**Exercise:**
Each line of data below must be printed exactly as written, with any pictures removed.

**Provided data:**
——————————

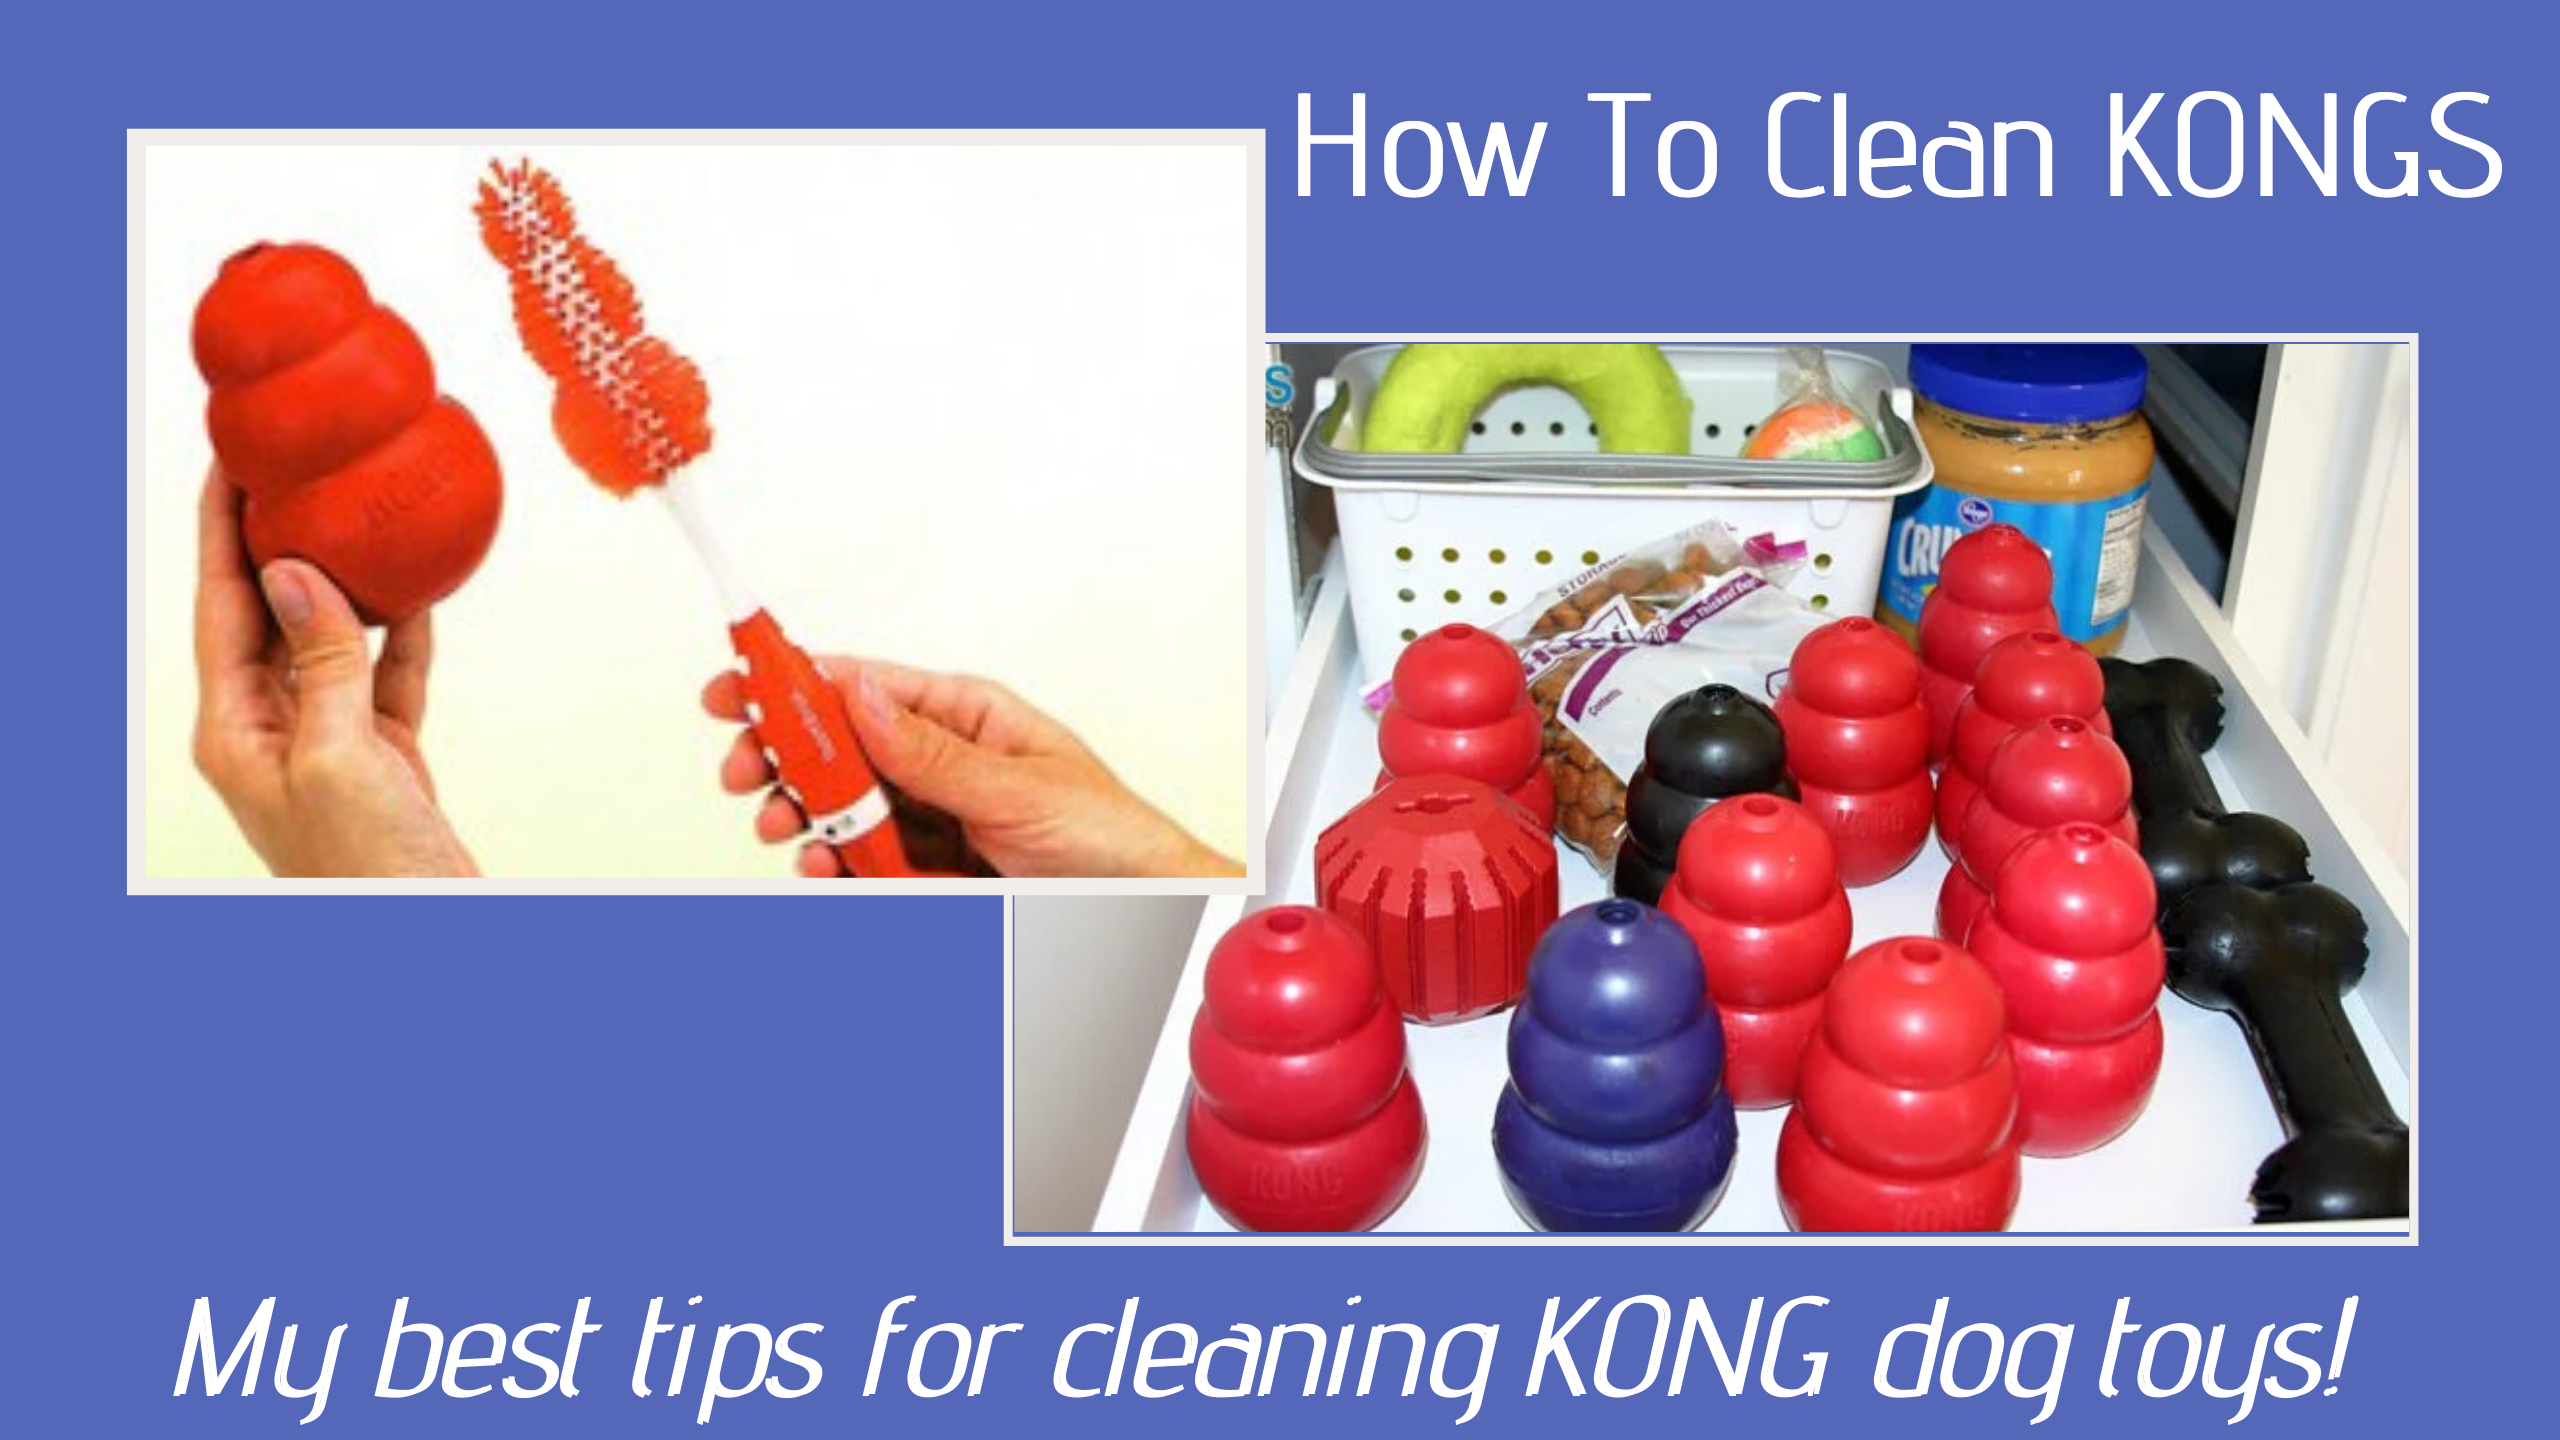 Cleaning Kong Dog Toys - See The Best Way To Clean Kongs | The First Time Dog Owners Guide
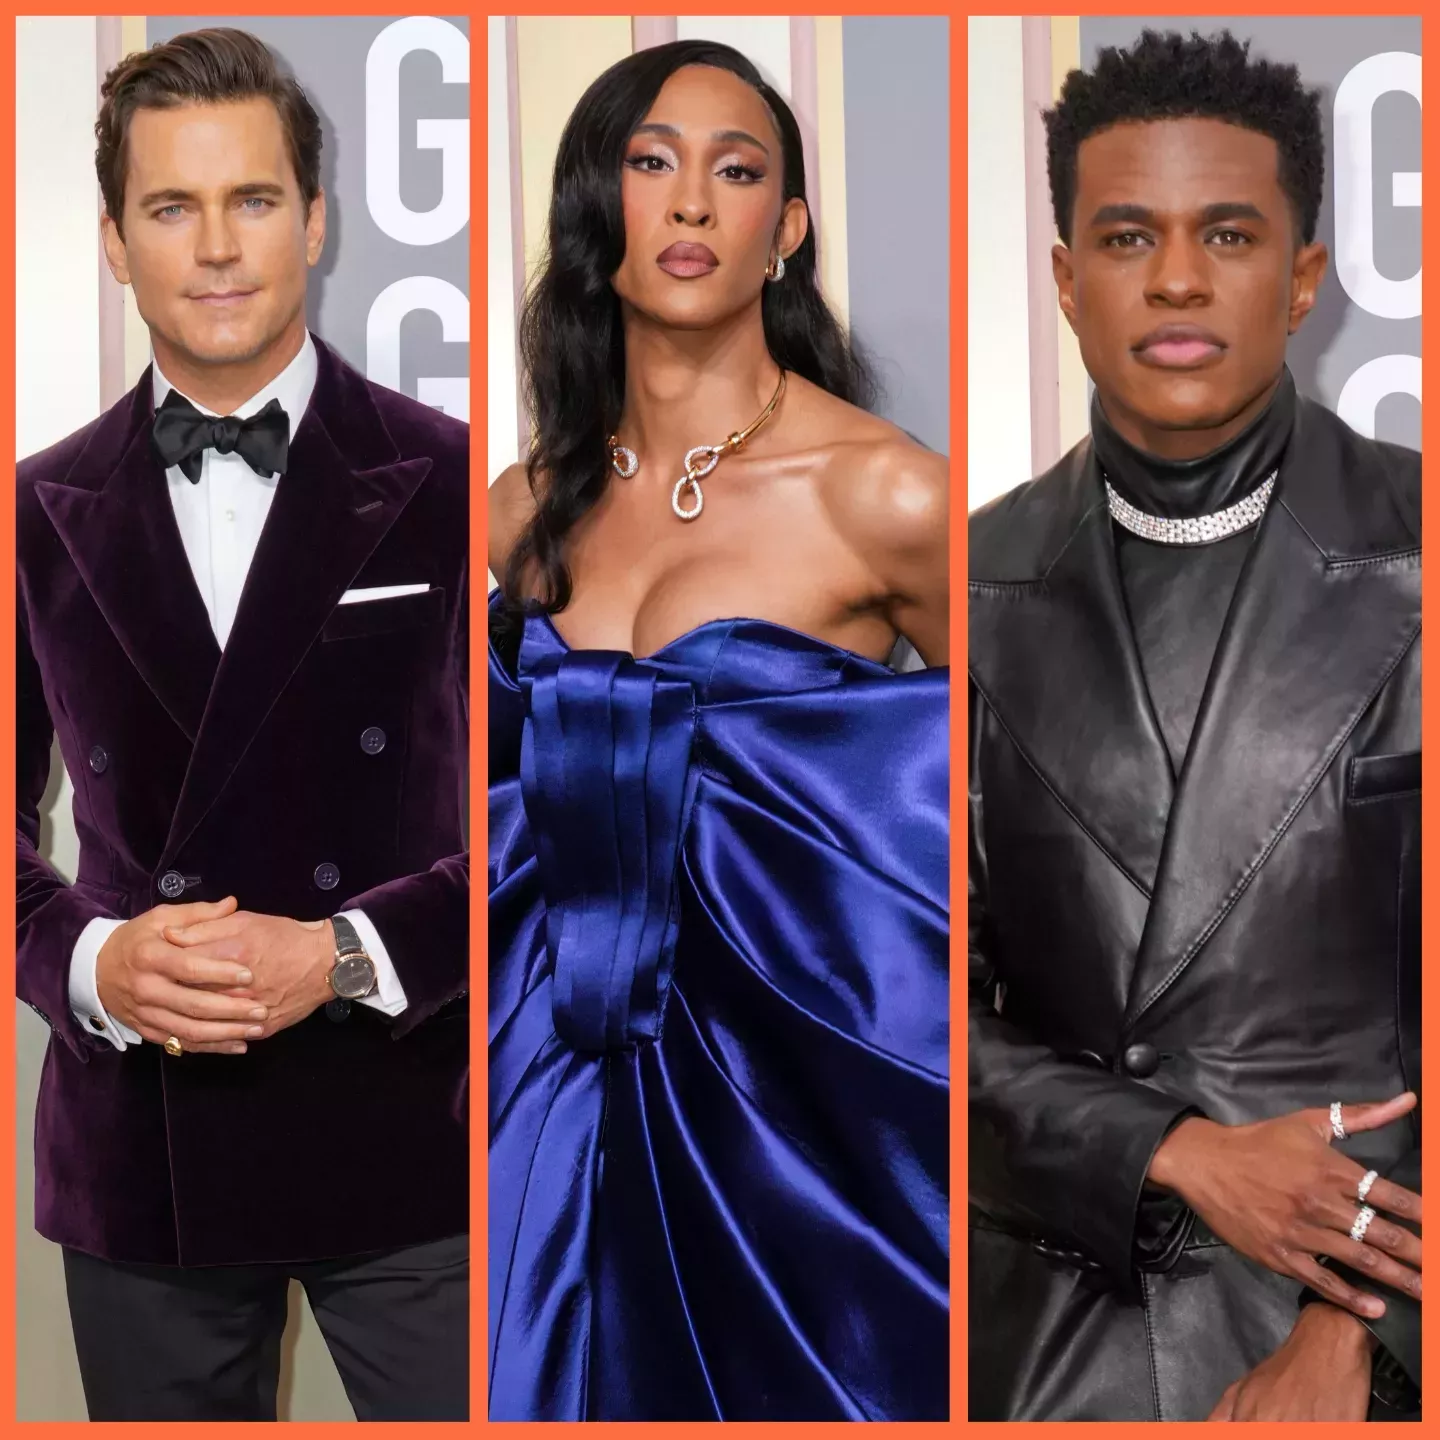 Matt Bomer, MJ Rodriguez and Jeremy Pope at the 2023 Golden Globes
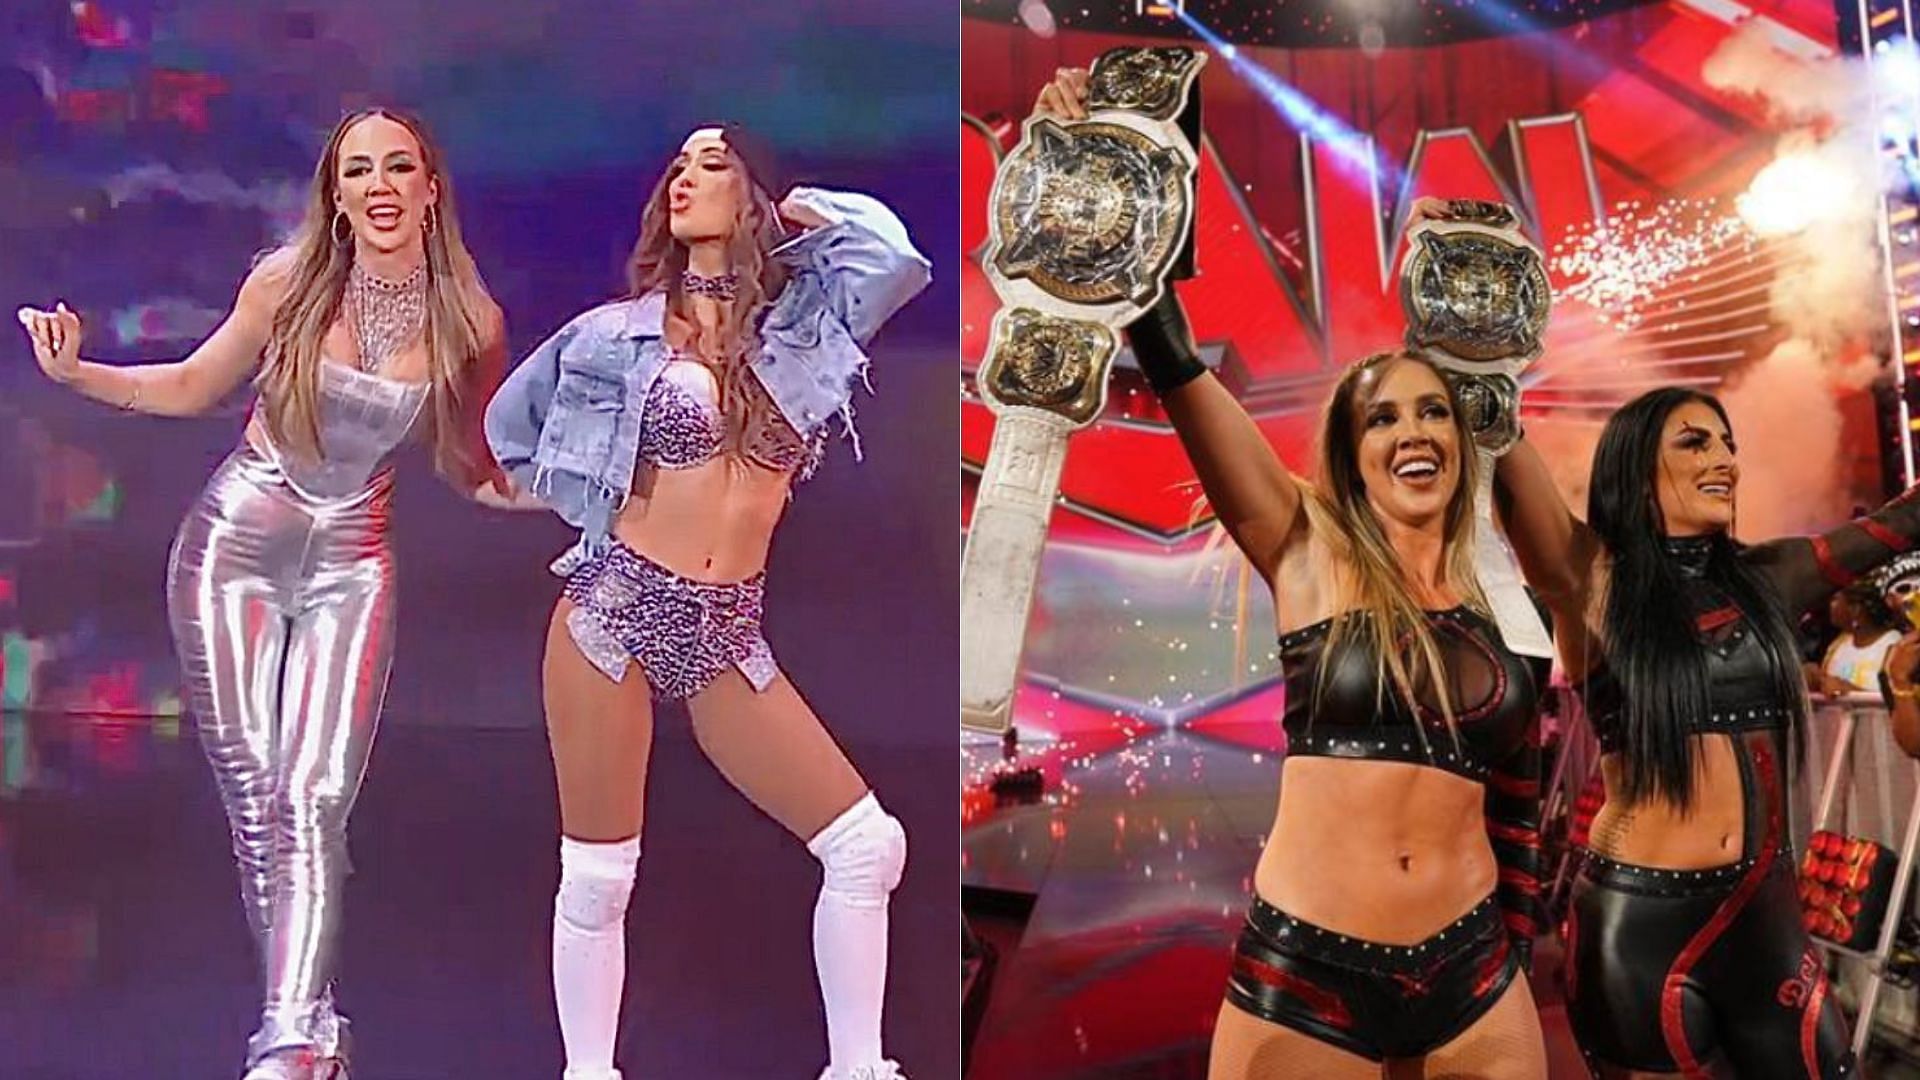 Chelsea Green and Carmella (left); Chelsea Green and Sonya Deville (right)

——————————

**Response to the exercise:**
 Cleaning Kong Dog Toys - See The Best Way To Clean Kongs | The First Time Dog Owners Guide
 Matt Bomer, MJ Rodriguez and Jeremy Pope at the 2023 Golden Globes
 Chelsea Green and Carmella (left); Chelsea Green and Sonya Deville (right)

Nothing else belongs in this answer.